И она готова расплакаться.
Южаночке становится вдруг жаль Фальк. Правда, ведь она не виновата, что родилась такой. О, зачем, зачем она обидела Фальк?!
И тут же, желая исправить свою ошибку, она берет холодную, всегда потную руку белобрысой Каролины, жмет ее и шепчет:
— Это ничего, Фальк, это все вылечить можно. У нас есть доктор на юге, Сморов, он одного солдатика вылечил от золотухи и командирскую собачонку Луньку. Совсем запаршивела Лунька, а он ей раз прописал, и все прошло… Как рукой сняло. И тебе пропишет, хочешь, я его попрошу в письме.
Голос Инны звучит так нежно, а Фальк… Боже Великий, что сделалось с Фальк? Слезы брызгают двумя фонтанами из золотушных глаз немки, она делается красной, как вареный рак, и, упав на пюпитр, разражается слезами.
— Ты гадкая, злая насмешница, Палтова, ты дрянь! Ты… О-о-о-о! Как я ненавижу тебя!
Южаночка уничтожена. Разве она хотела этого? О, напротив, совсем напротив. А Фальк рыдает все громче и громче. Вокруг них уже собирается толпа. С кафедры спешит г-жа Бранд, за нею из противоположного угла черненькая, апатичного вида девушка в сером, m-lle Карасева, немецкая папиньерка и помощница Бранд.

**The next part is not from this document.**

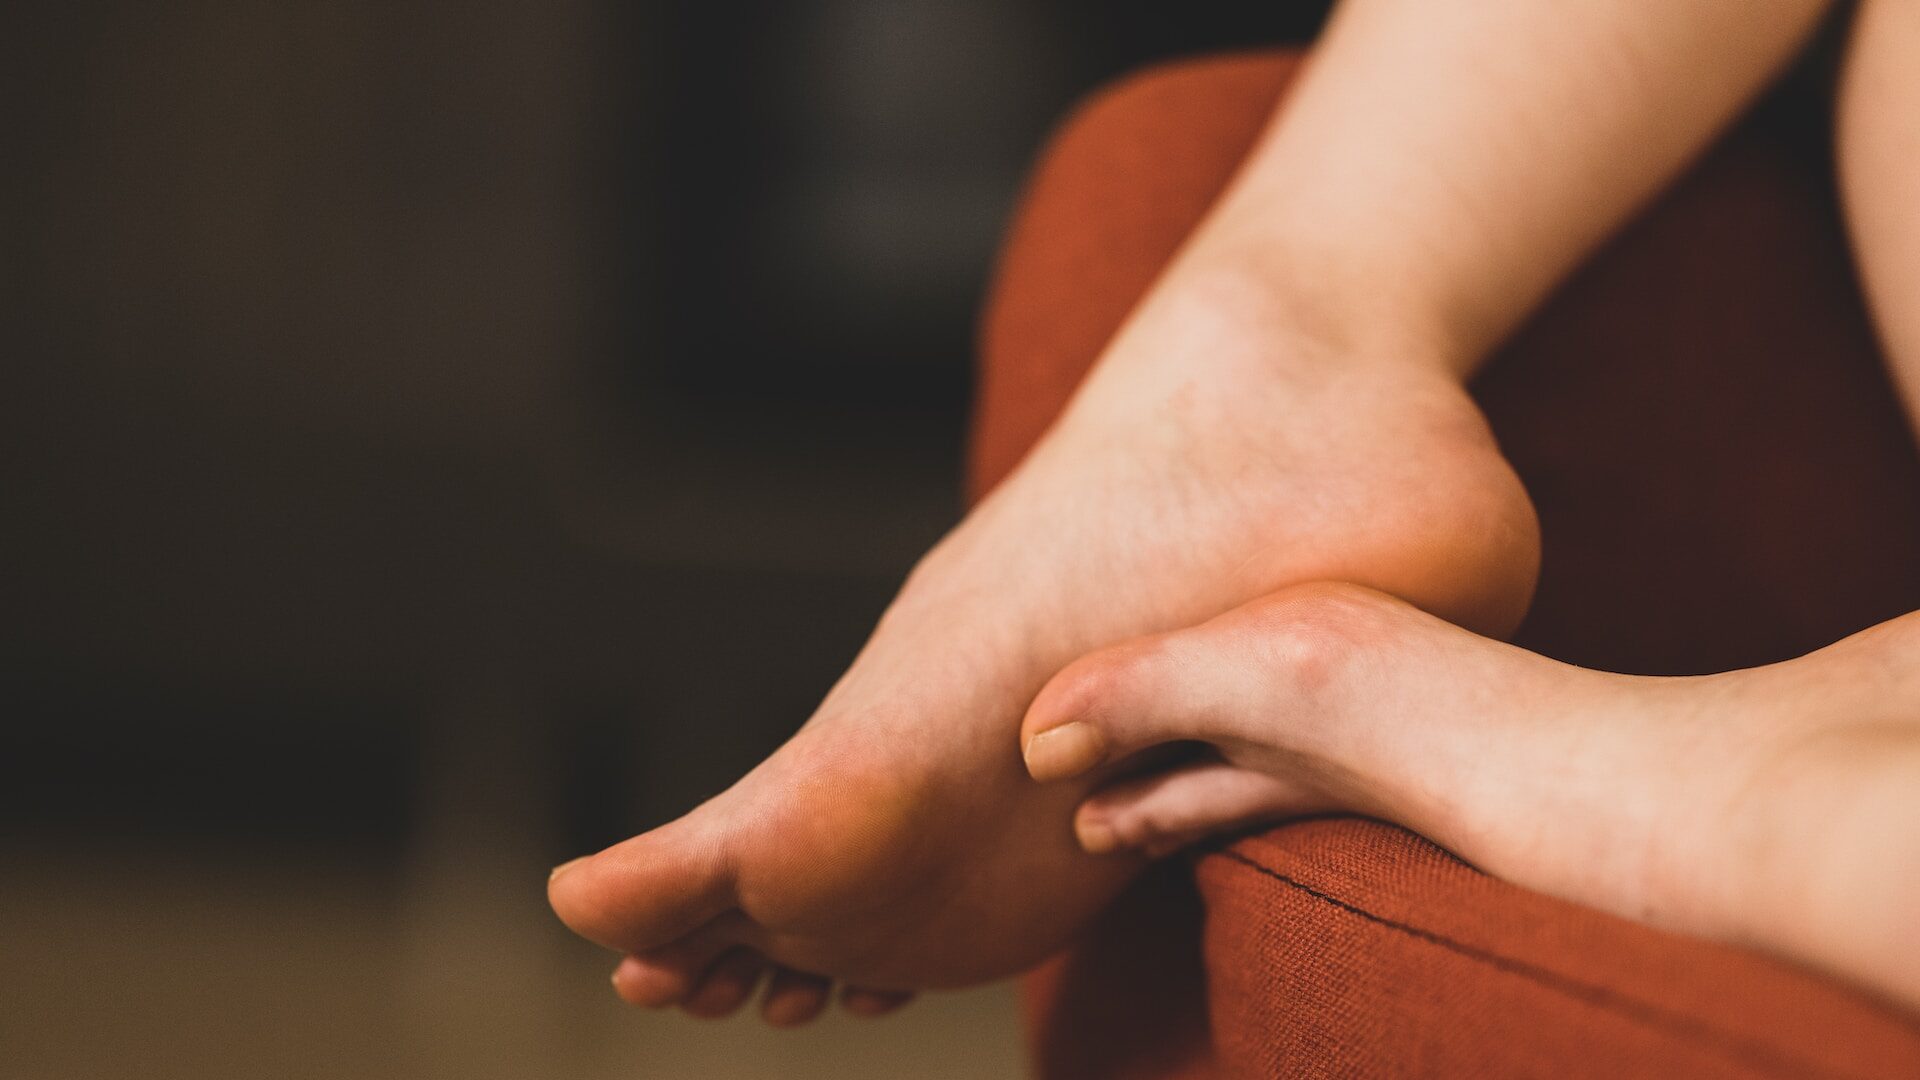 Morton's Neuroma: What Is, Causes, Symptoms, Diagnosis, and Treatment

— Лина! Лина! О чем ты! — с испугом вопрошает Эмилия Федоровна племянницу.
— О, Tante, Tante! (о, тетя, тетя!) — рыдает Фальк. — Она, Палтова, эта. Она назвала меня паршивой собачонкой!

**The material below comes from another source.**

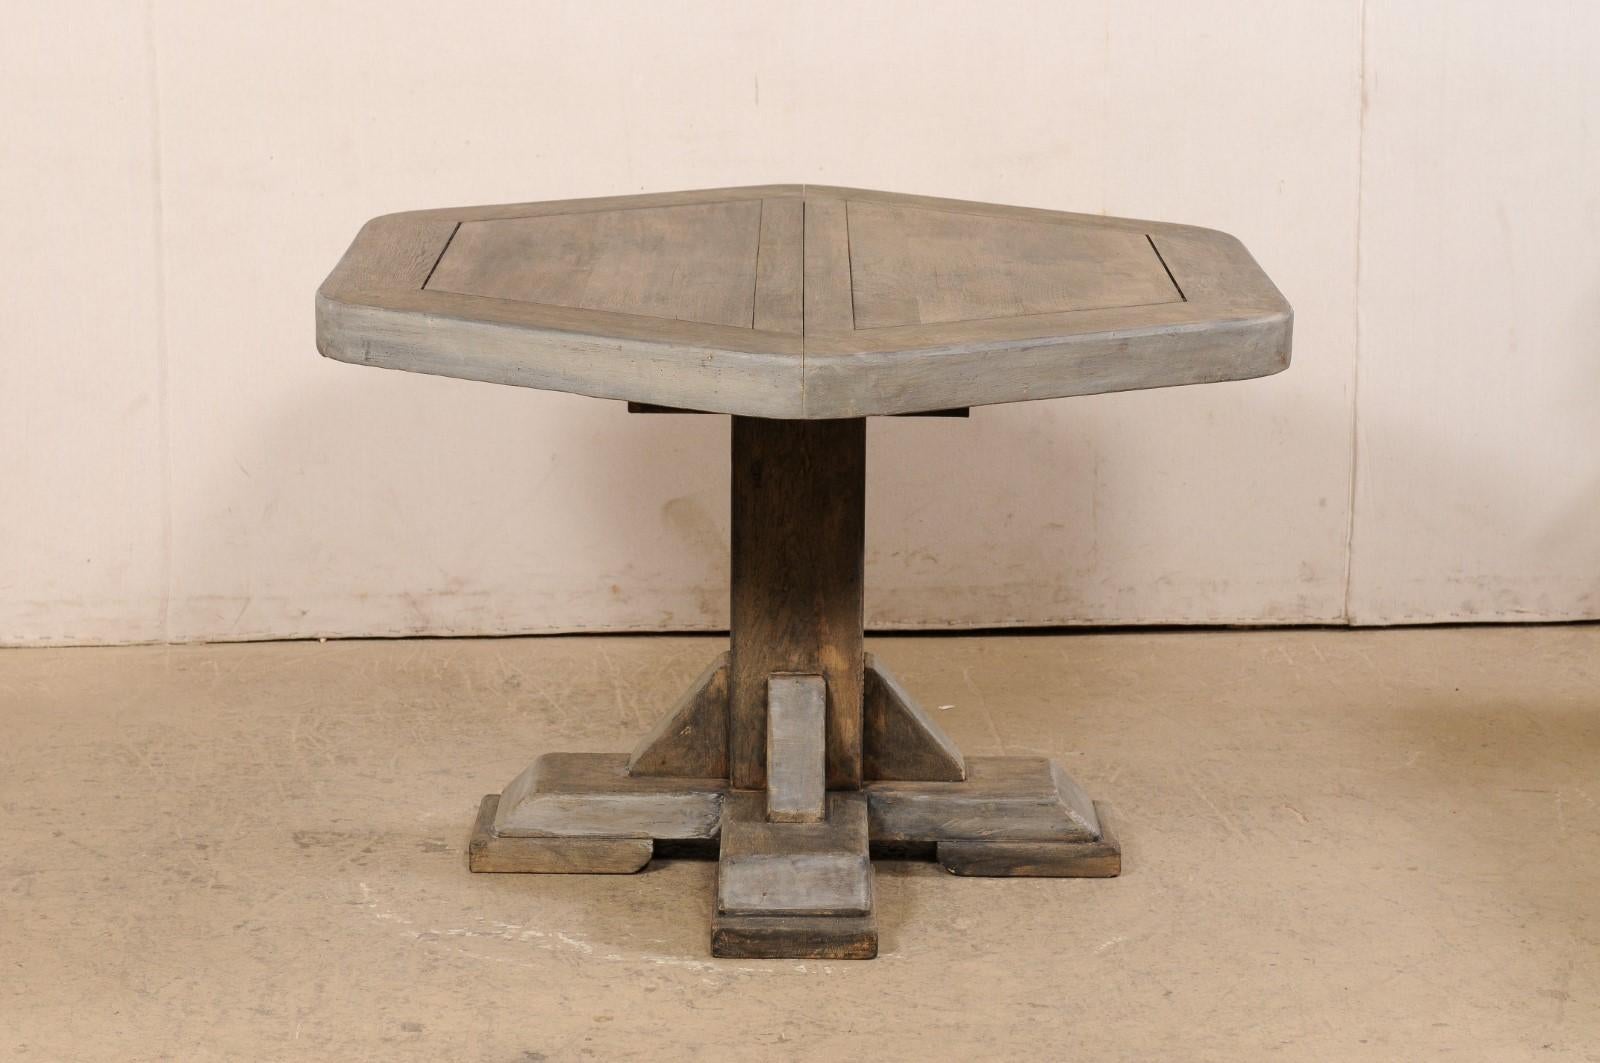 European Hexagon-Shaped Wooden Pedestal Table, Mid 20th century For Sale 5

M-lle Карасева злыми глазами впивается в лицо Южаночки и шипит:
— Ага! Опять твои проделки! И что за ужас — произносить такие слова! О, невозможная, испорченная девчонка. Становись сейчас к доске. Ты будешь стоять там до шести часов, слышишь?
До шести часов много времени. Целый час. Теперь только пять. Простоять шестьдесят минут у доски — о, это нелегкая штука. И за что?! За то, что Фальк говорит неправду? Разве она, Инна, назвала ее так? Нет! Желая ей добра, она, Южаночка, сделала маленькую неловкость. Но она не виновата. И размышляя таким образом, Инна направляется к доске, не пробуя даже просить прощения. Все равно ведь не поможет. Фальк плачет, значит, она чувствует себя несчастной. А виною этого несчастья — она. Вот, она и должна расплатиться одна за все.
Южаночка стоит у доски и старается думать о чем-то очень хорошем. Завтра воскресенье, и она увидит дедушку своего, милого, дорогого. Ура! Ура! Ура! — мысленно ликует девочка, не решаясь, однако, теперь уже вслух крикнут это «ура». Потом мысль ее перескакивает на другое. Она и Гаврик держат пари. Надо проделать нечто, что не приходило еще в голову ни одной институтке и что она, Инна, придумала сегодня утром, ужаснув своей смелостью даже шалунью Гаврик. Они так долго спорили и пререкались тогда.
— Сделаю! — выходила из себя Южаночка.
— Нет! — опровергала ее Гаврик.
— А я тебе говорю, что сделаю!
— Не посмеешь!
— Не посмею? Я? Ну вот, ты меня и не знаешь! Нет еще ничего такого, перед чем бы задумалась я! Хочешь пари?
— Хочу! Хочу! На банку варенья! — обрадовалась Гаврик.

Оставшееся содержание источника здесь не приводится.